T’s house was utterly empty, except for a basement recording studio and a shrine to Bob Dylan. He handed me an acoustic guitar and insisted I play something. I strummed. I sang. I did my best to perform. T seemed bored and blank. I asked what he thought of my music. He said I should play more guitar riffs. He then asked if I wanted to hear one of his songs. Before I could answer, he put a CD into his sprawling recording equipment and started blasting a fully produced track. He closed his eyes. He swayed proudly to his music. “I wrote this one for Mavis!” he shouted over the song. When it was over, he put a second CD into the machine and cranked another T original. He resumed his davening. Midway through, he shouted: “I wrote this one for Annie Lennox!” This went on for 45 minutes.
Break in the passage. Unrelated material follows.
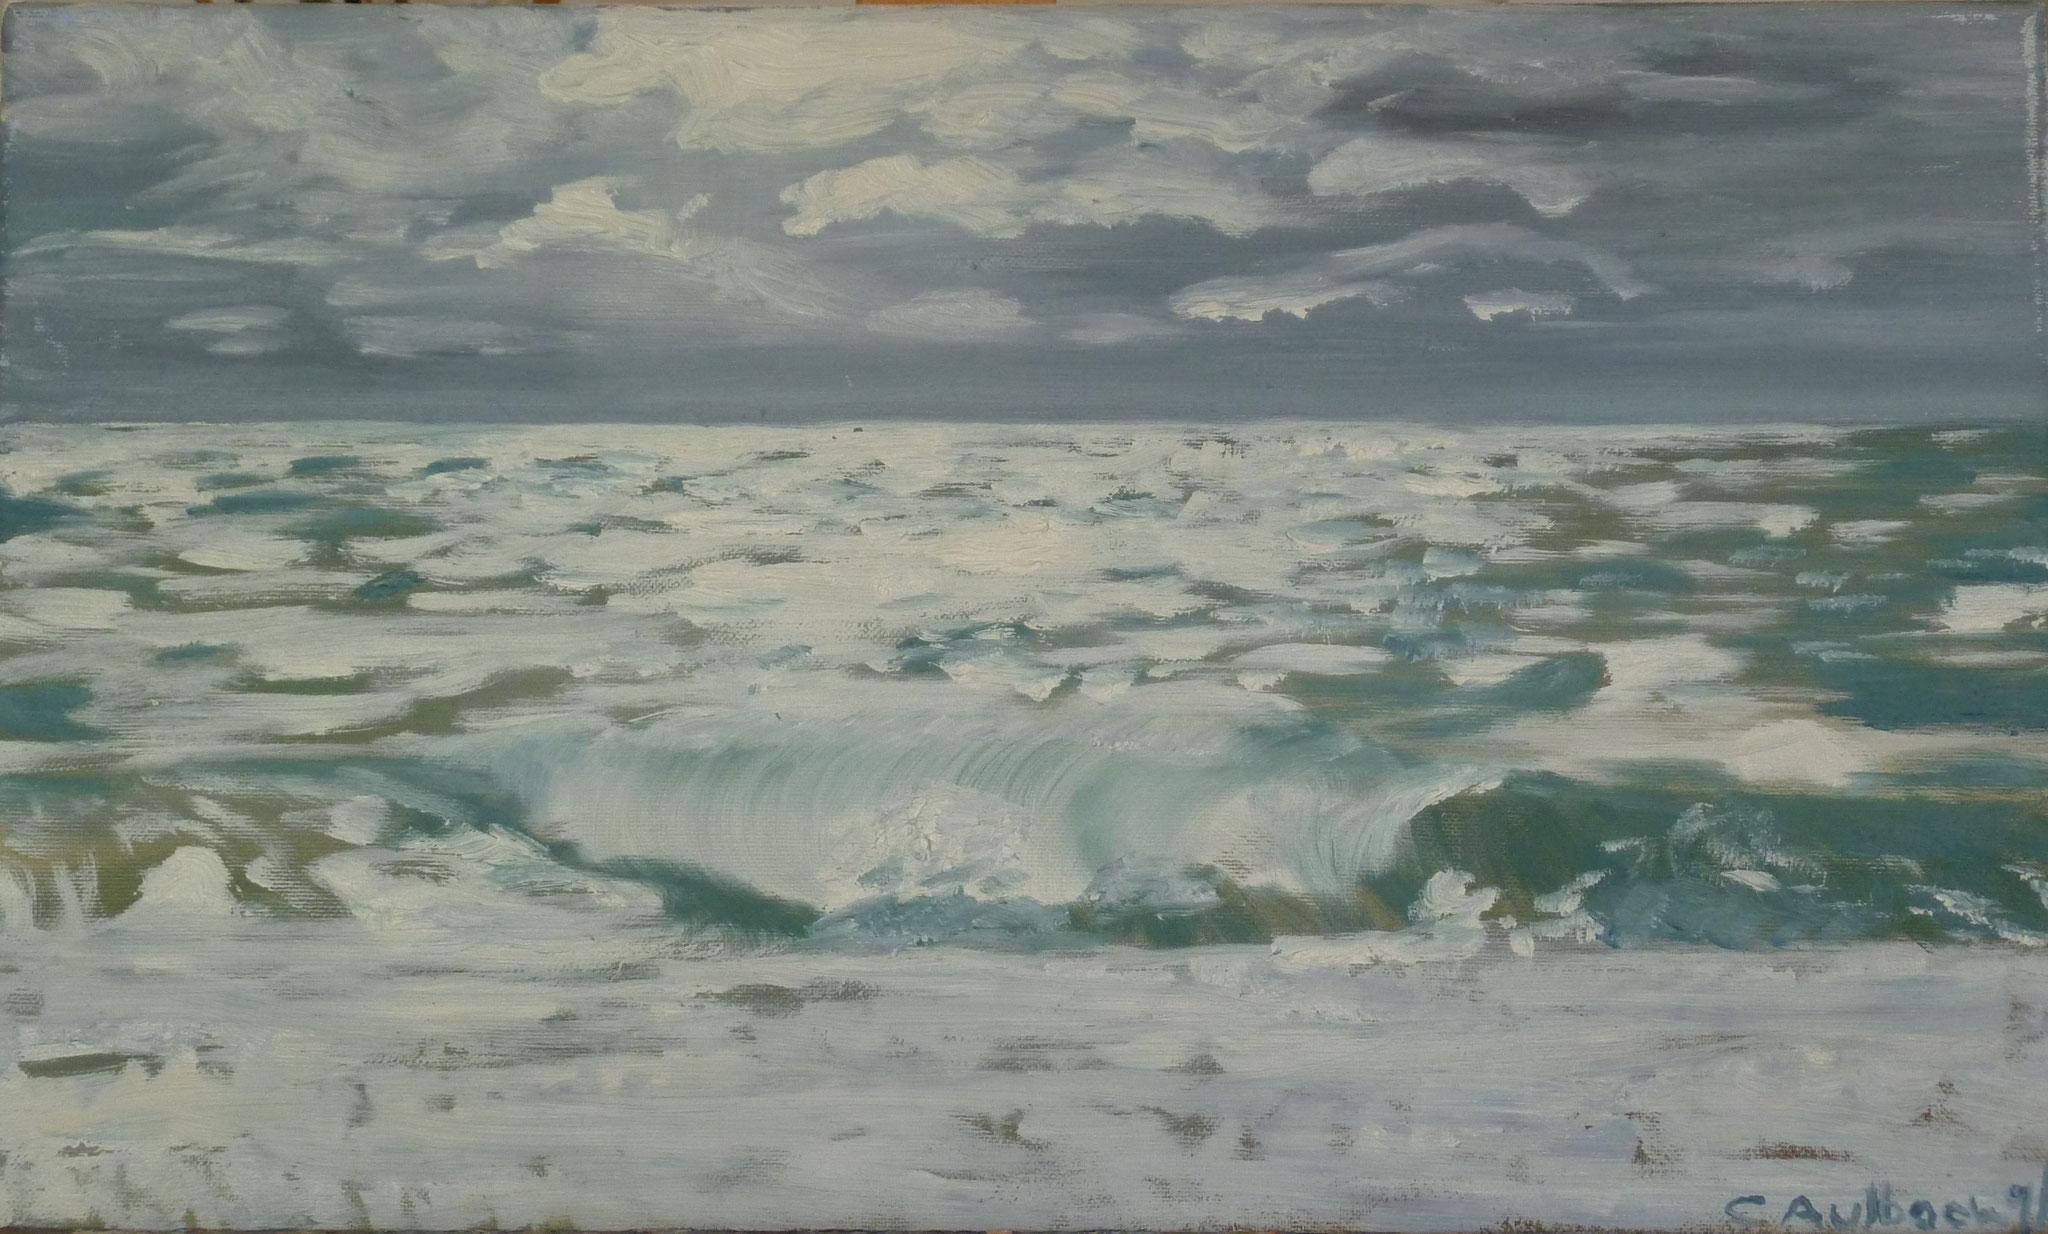 Nordsee, 2002, 30 x 50cm, Öl auf Leinwand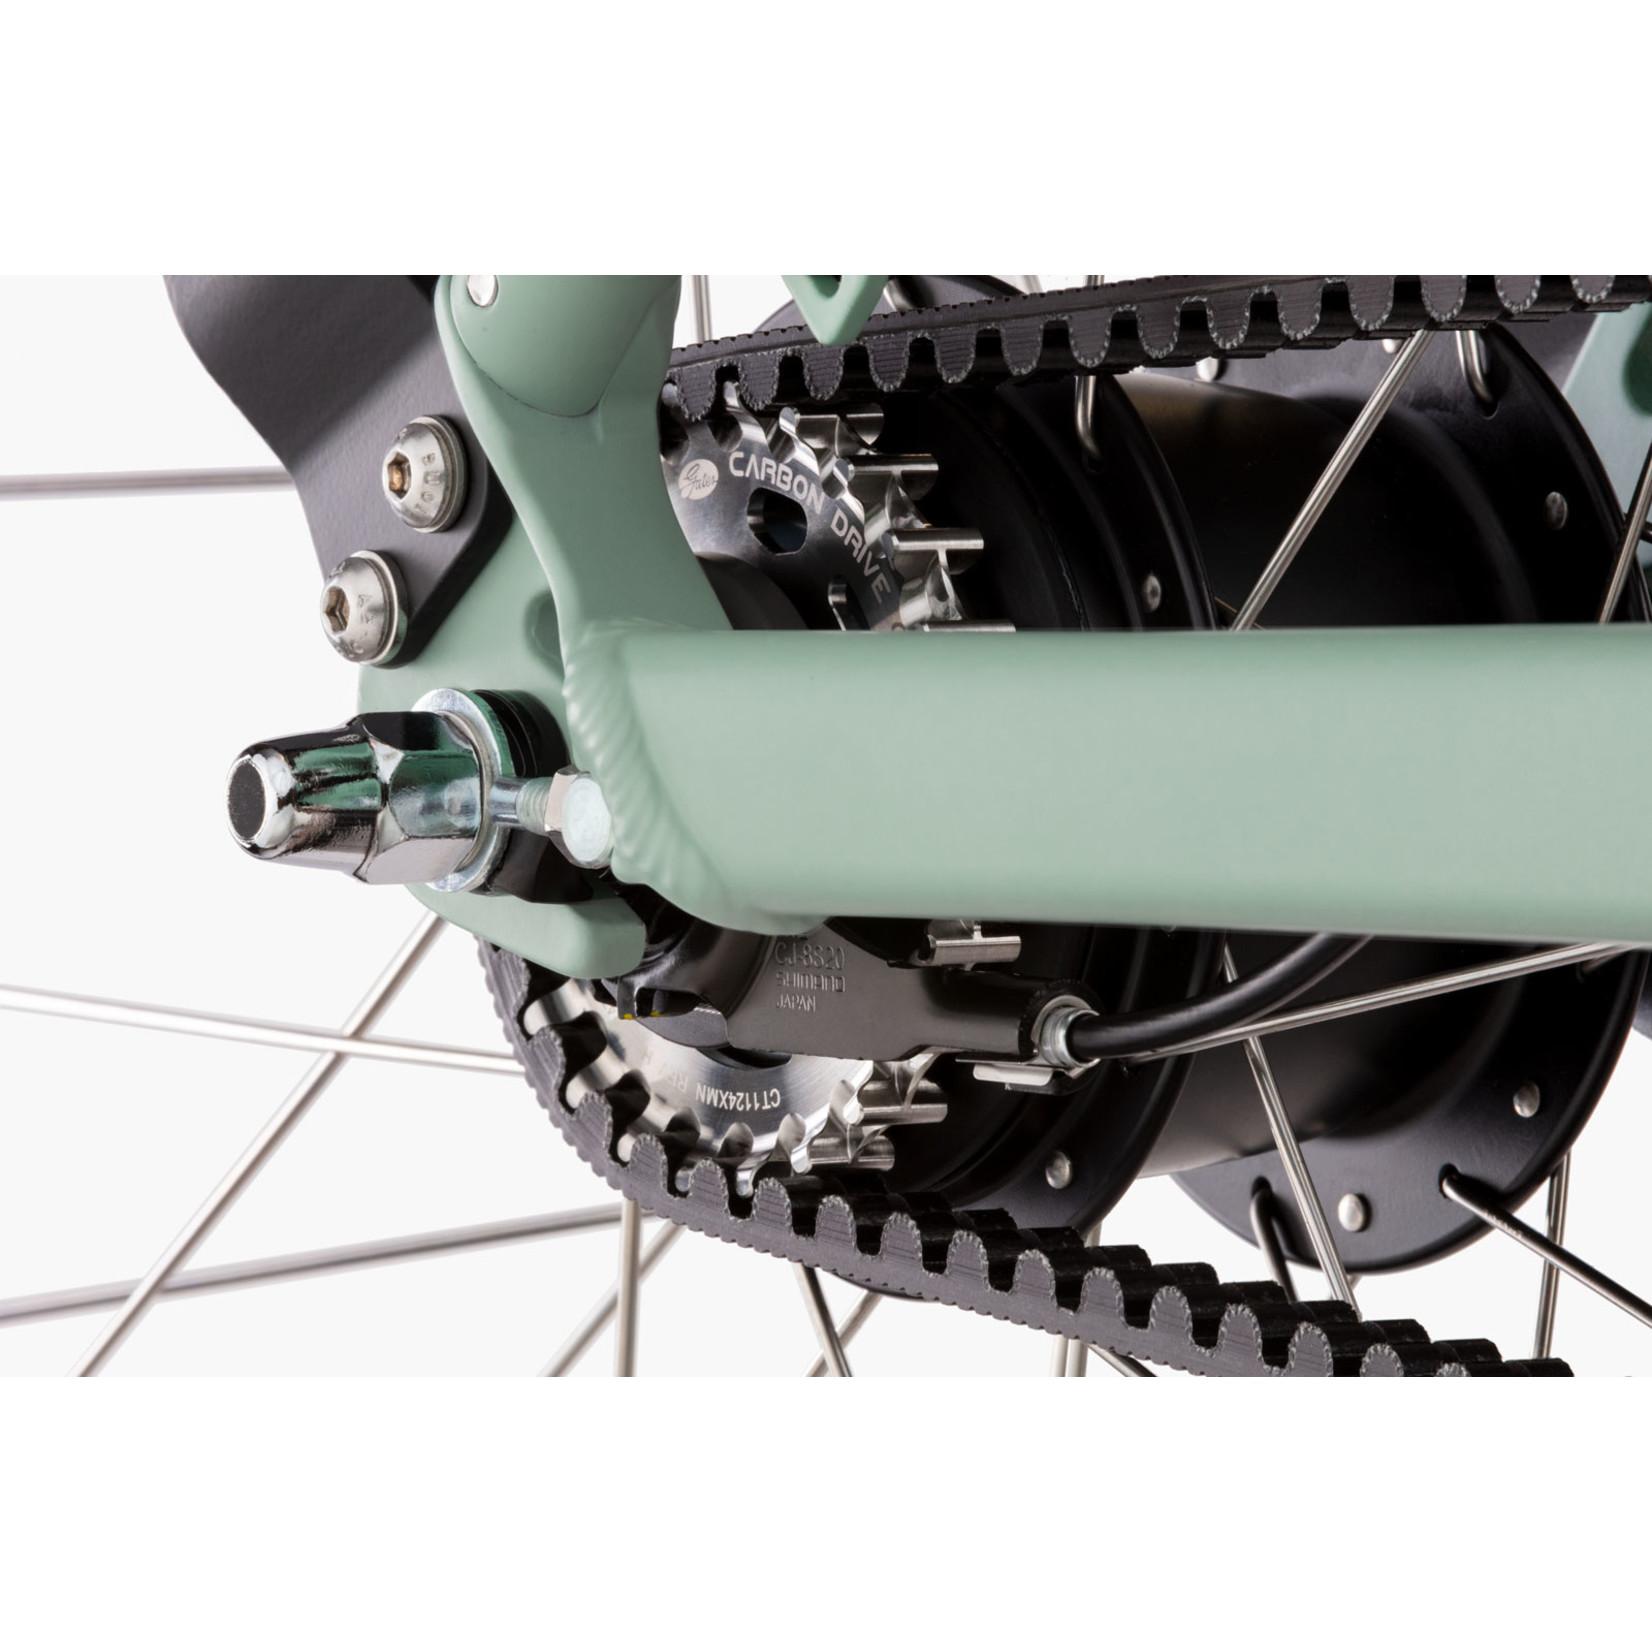 RIESE&MÜLLER RIESE&MÜLLER - Swing3 automatic - Salvia Matt - 43cm - 500Wh

As I left his grand, empty home, without a mentor but with a new neurosis about my guitar playing, I looked at this lonely, aging, jingley songwriter and thought about a passage from The Wind in the Willows in which the vigorously haughty Mr. Toad, a kind of amphibian Felix Dennis, triumphantly sings to an “enraptured audience that his imagination so clearly saw.” Earlier, Toad had been blocked from singing in public — “a sort of turning-point in [his] career.” And so, alone in his Toad Hall bedroom, Toad performs his “last little song” in front of empty chairs. He sings this twice, “letting himself go, with uplifted voice.” Then he breaks down a bit, “heav[ing] a deep sigh; a long, long, long sigh.” But arrogance and vanity always win: Mr. Toad snaps out of his meltdown and fixes his hair.
For twelve years I associated this scene with T. But I’m a 30-year-old songwriter. My audience is enraptured and imaginary. And I am alone in the afternoon somewhere on the North Shore recording a football jingle.
I will heave a deep sigh; a long, long, long sigh. And then I will fix my hair.